Дарована покачала головой. Она помнила, что прошлым летом к ним в Глиногор приезжал молодой князь западных рарогов, помнила его остроносое красивое лицо, русые кудри и холодные зеленые глаза. Он посватался к ней, потому что только княжескую дочь считал достойной невестой для себя, а она к тому же имела рыжие волосы, что у рарогов считается знаком любви богов. И она согласилась: всякая девушка должна в свой срок стать женой и матерью, как цветок становится ягодой, чтобы не пропасть бесполезно. А ей ведь уже шел двадцать второй год, и Дарована грустила, тосковала, зная, что нарушает, хоть и не по своей вине, закон Макоши. И раз уж она родилась княжной и выбирать может из немногих, то князь Боримир Огнегорский – совсем не хуже других. Он не слишком добр и сердечен, но если не любовью, то почетом и уважением в его доме она будет окружена так, как этого требует ее высокий род.

Свадьба была назначена на весну – по обычаю рарожских земель, который предписывает играть свадьбы, особенно княжеские, в день Возвращения Рарога, огненного сокола, то есть в Медвежий велик день. Но весна не пришла, и невеста не поехала к жениху. И сейчас, в воспоминаниях, князь Боримир казался Дароване такой бледной тенью, что почти не верилось, что он есть на свете. И думать о нем совсем не хотелось.

Теперь отъезд был решен. Погода стояла тихая, лишь изредка, в основном ночью, принимался идти мелкий снег, и уже через два-три дня обоз из Глиногора готов был двигаться дальше, вверх по Истиру. Снегом засыпало огромный угольный круг на месте Встрешниковой засеки, и велишинцы надеялись, что пережитый страх навсегда ушел в прошлое. Кузнец Досужа, которого Громобой раза два ходил проведать, хотя ночевал теперь на воеводском дворе, вздыхал о пропавшем ни за что молотобойце, но тоже приободрился: может, теперь, когда дорога свободна, найдутся покупатели если не на серпы и лемехи, то хотя бы на топоры.
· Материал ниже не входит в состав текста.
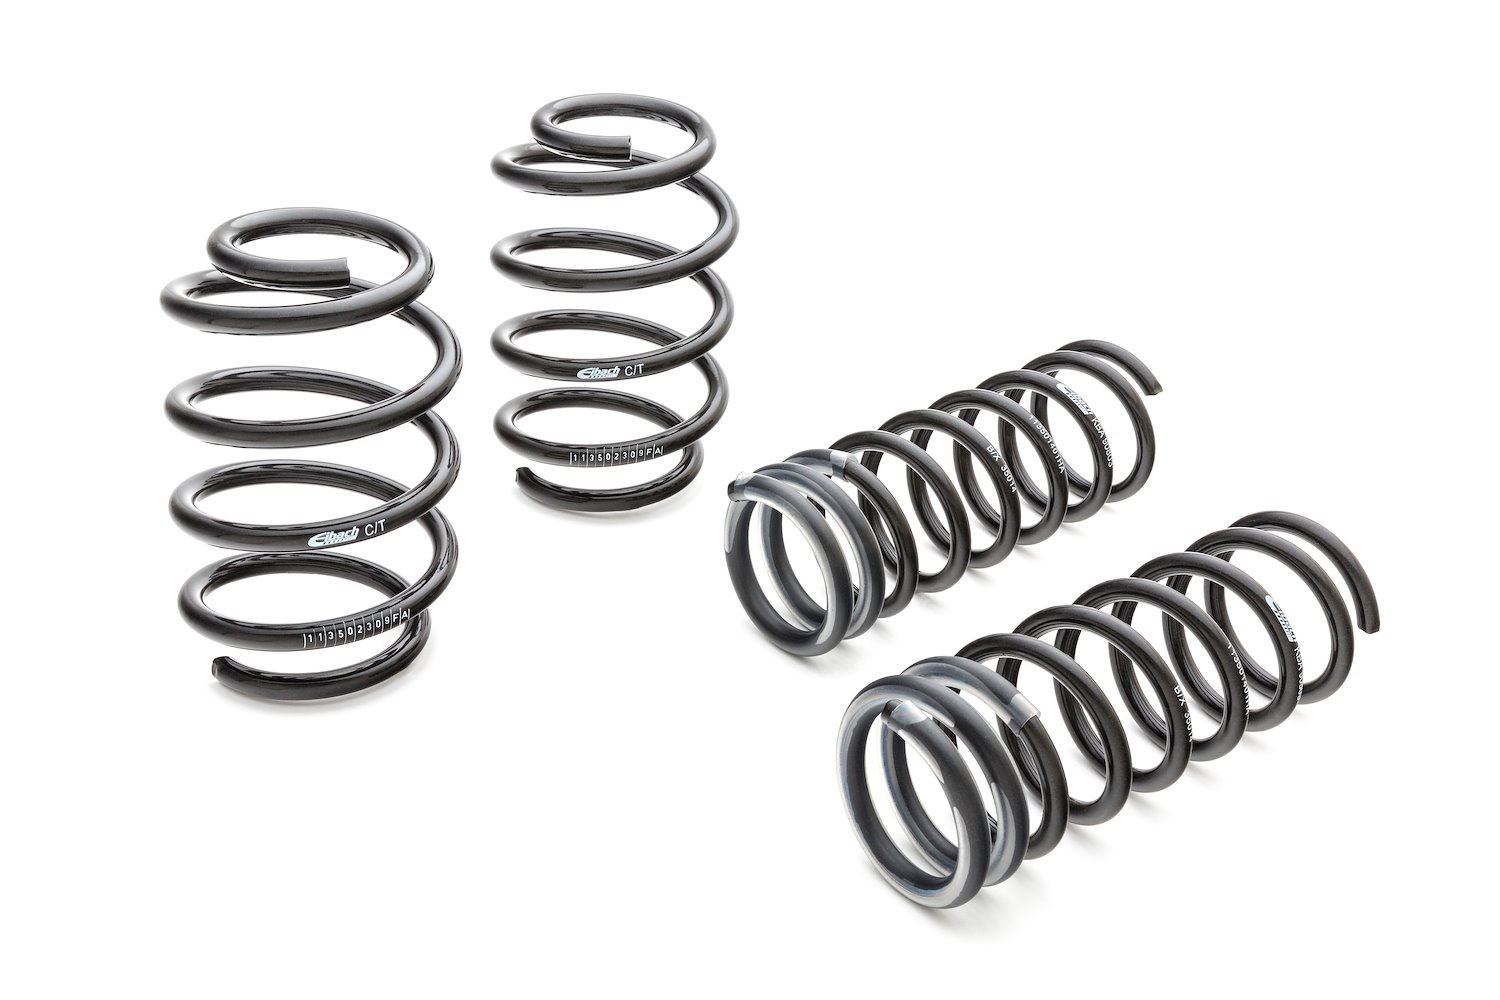 4018.140 Pro-Kit Lowering Springs 1996-2000 Civic - 1.500 in. Front/1.300 in. Rear Drop

Иногда Громобой задумывался об упорстве судьбы, которая в десяток рук толкает его все туда же – в Чуробор. Туда устами Веверицы посылала его Вела; пройдя полпути, он пытался свернуть с этой дороги, но, как оказалось, лишь затем, чтобы узнать, зачем ему нужно в Чуробор. Он должен оберегать ее, ту, в которой он нашел свою потерянную весну, а дальше будет видно. Может быть, встреча с Огнеяром Чуроборским и правда поможет делу. Дарована рассказала ему, что сын Велеса умен и мудр, он может знать что-то важное. А если они встретятся, то мудрость Велеса и сила Перуна вместе возобновят ход годового колеса. Громобой только пожал плечами: ей, княжне, с детства обученной всяким премудростям, было виднее. Сама Дарована, как он понял, не любила Огнеяра, который после женитьбы ее отца, Скородума, на княгине Добровзоре стал ее названым братом, но не боялась его, то есть не ожидала от него никакого вреда себе. Однако Громобой в душе не расположен был доверять оборотню: не зря же небо и земля указывали ему на Огнеяра как на врага. А из-за чего им, чуроборскому князю и прямичевскому кузнецу, таким друг от друга далеким, враждовать, как не из-за нее?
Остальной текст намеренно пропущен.